Hexenprozesse werden Thema im Rat

SOEST - Das Soester Stadtwappen sieht Hartmut Hegeler als verpflichtendes Symbol: „Sie haben den Schlüssel in der Hand, nicht nur die Zukunft zu öffnen, sondern auch die Türen aufzuschließen, über die man sonst nicht redet. Stellen Sie sich dem dunklen Kapitel der Hexenprozesse.“
"Geben Sie den Opfern die Bürgerehre und die Menschenwürde wieder", fordert Hegeler weiter. Hier Farbe zu bekennen, das bedeute auch, ein klares Signal gegen Hass und Hetze zu setzen und junge Leute für Unrecht zu sensibilisieren.
Menschen, die angeblich den bösen Blick hatten, die im Verdacht standen, schwarze Magie zu betreiben, einen Pakt mit dem Leibhaftigen geschlossen zu haben, die vermeintlich Unheil und Leid verbreiteten, wurden grausam verfolgt, gefoltert und hingerichtet.
Hartmut Hegeler aus Unna sprach am Mittwochabend im großen Sitzungssaal über die düstere Zeit in der Geschichte des christlichen Abendlandes – und im reformierten Soest.
Der Rat hatte zu diesem öffentlichen Vortrag eingeladen, um die Auseinandersetzung mit dem Thema deutlich zu machen. Es gibt eine interfraktionelle Arbeitsgruppe, die den weiteren Weg abstecken soll. Im vorigen Sommer nämlich hatte Karl Heinz Jaspert einen Bürgerantrag vorgelegt: Ihm ist es wichtig, das Ansehen der unschuldigen Opfer wiederherzustellen.
Im evangelischen Soest dauerten die Hexenprozesse fast ein halbes Jahrhundert, von 1570 bis 1616. Die Ratsherren verurteilten Menschen zum Tod durch Verbrennen. Das Kriminalprotokollbuch von 1555 bis 1616 nennt 67 Einzelfälle: Das Verzeichnis listet die Namen von 34 Frauen und 33 Männern auf. „Kaum ein historisches Thema hat die Menschen bis heute gefühlsmäßig so sehr bewegt“, weiß der Theologe Hartmut Hegeler, der sich seit gut zehn Jahren mit den schrecklichen Ausmaßen der Hexenjagd und des Wahns beschäftigt und mit dem Schicksal der Menschen auf dem Scheiterhaufen.

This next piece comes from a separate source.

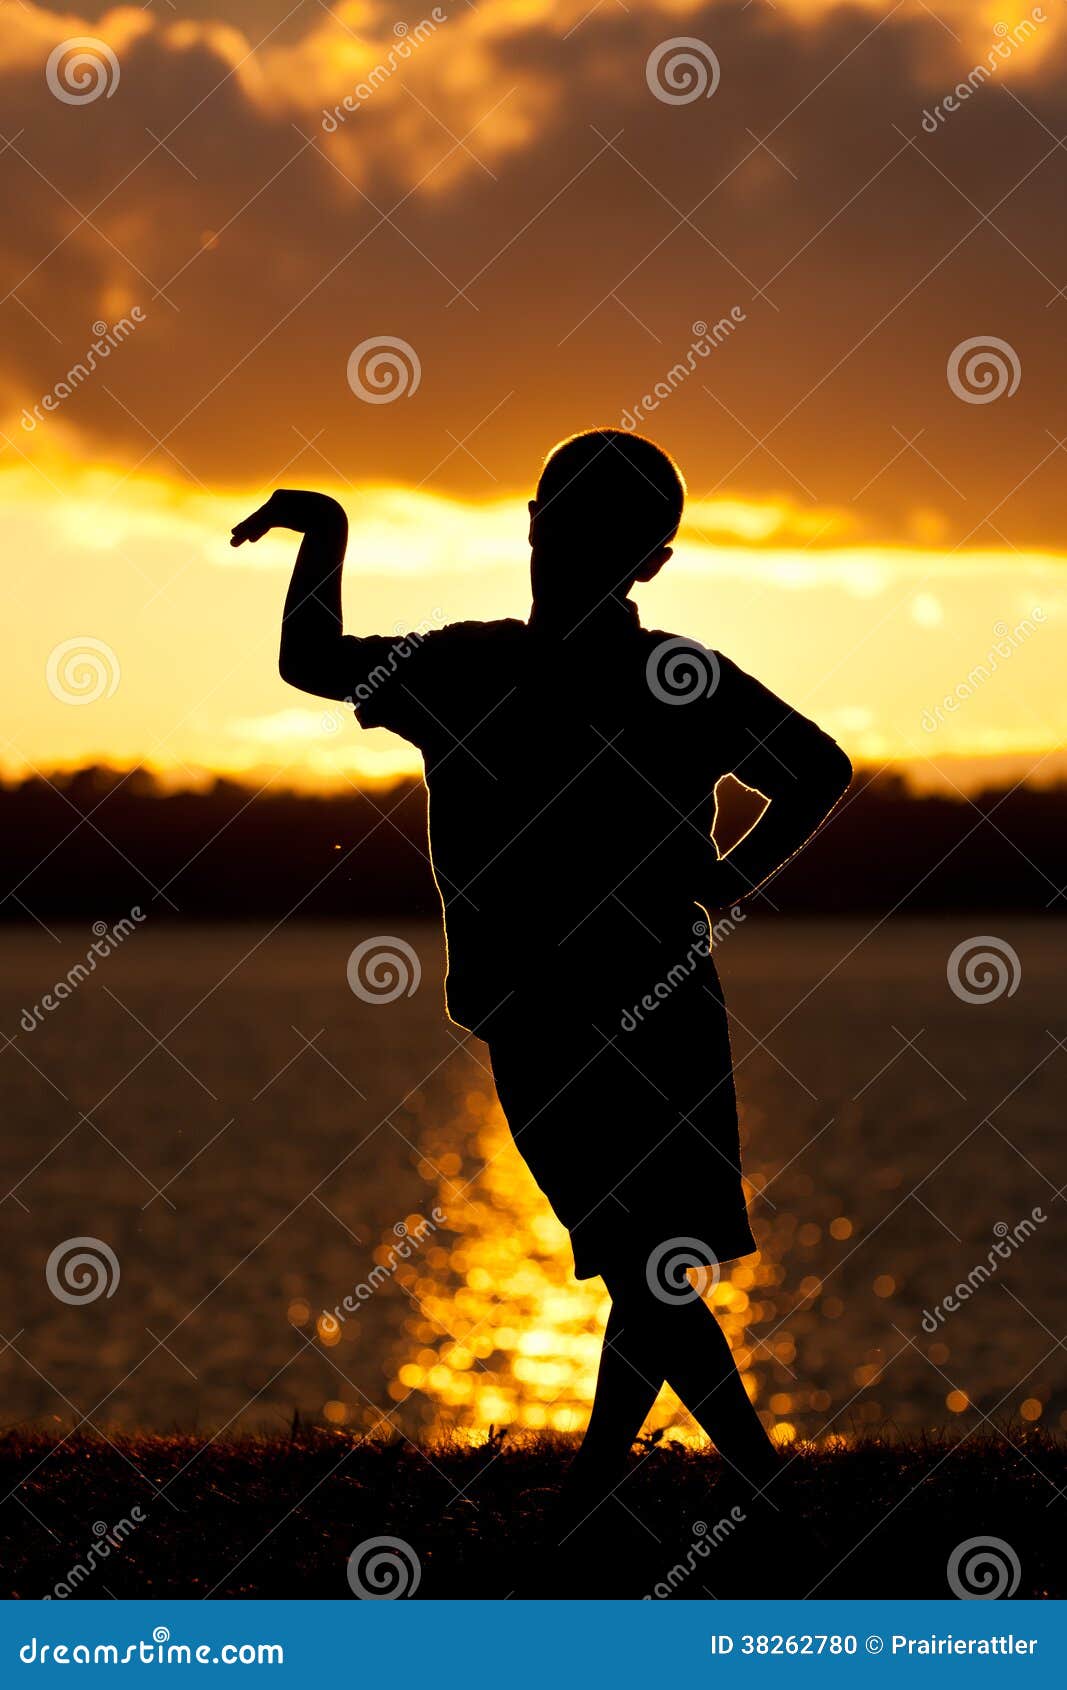 Yoga virabhadrasana warrior pose at sunset - Stock Image - Everypixel

Die damaligen Mechanismen seien auch heute noch wirksam, meint er: die Suche nach dem Sündenbock, die Ablehnung und der Argwohn gegenüber Fremden, die üble Nachrede, der Neid... Der Pfarrer kämpft für eine späte Gerechtigkeit. „Hinsehen, nicht die Augen schließen“, hob zum Abschluss auch die stellvertretende Bürgermeisterin Christiane Mackensen hervor. „Gerüchteküchen gibt es auch heute noch“, sagt sie, „wie schnell wird über jemanden hergezogen.“ Der Rat müsse sich die Frage nach dem Umgang mit einem Phänomen des damaligen Zeitgeschehens stellen. - Köp.
Ein Beispiel: Anna Witthovedes
Besonders tragisch sei das Schicksal Anna Witthovedes aus Eineckerholsen, berichtet Hartmut Hegeler. Die Witwe mit vier Kindern sei von ihrem Mann ständig misshandelt worden. Dann schlug der brutale Stiefvater ihre kleine Tochter mit einem Forkenstiel. Anna Witthovedes zeigte ihn an, doch ihr Mann behauptete, sie wäre eine Hexe und habe das Kind totgezaubert. Das Gericht folgte den falschen Beschuldigungen des Ehemannes. Statt ihn zu bestrafen, brachten die Ratsherren Anna Witthovedes als vermeintliche Hexe auf die Folterbank. Der Scharfrichter quälte sie und brach ihren Widerstand. So gestand sie, eine Hexe zu sein. Die Ratsherren verurteilten sie 1585 zum Tode durch Verbrennen an der Soester Steinkuhle. Der brutale Ehemann ging straffrei aus. Barbara Krug-Richter arbeitete die Soester Hexenprozesse (1570-1616) für die Große Soester Stadtgeschichte auf.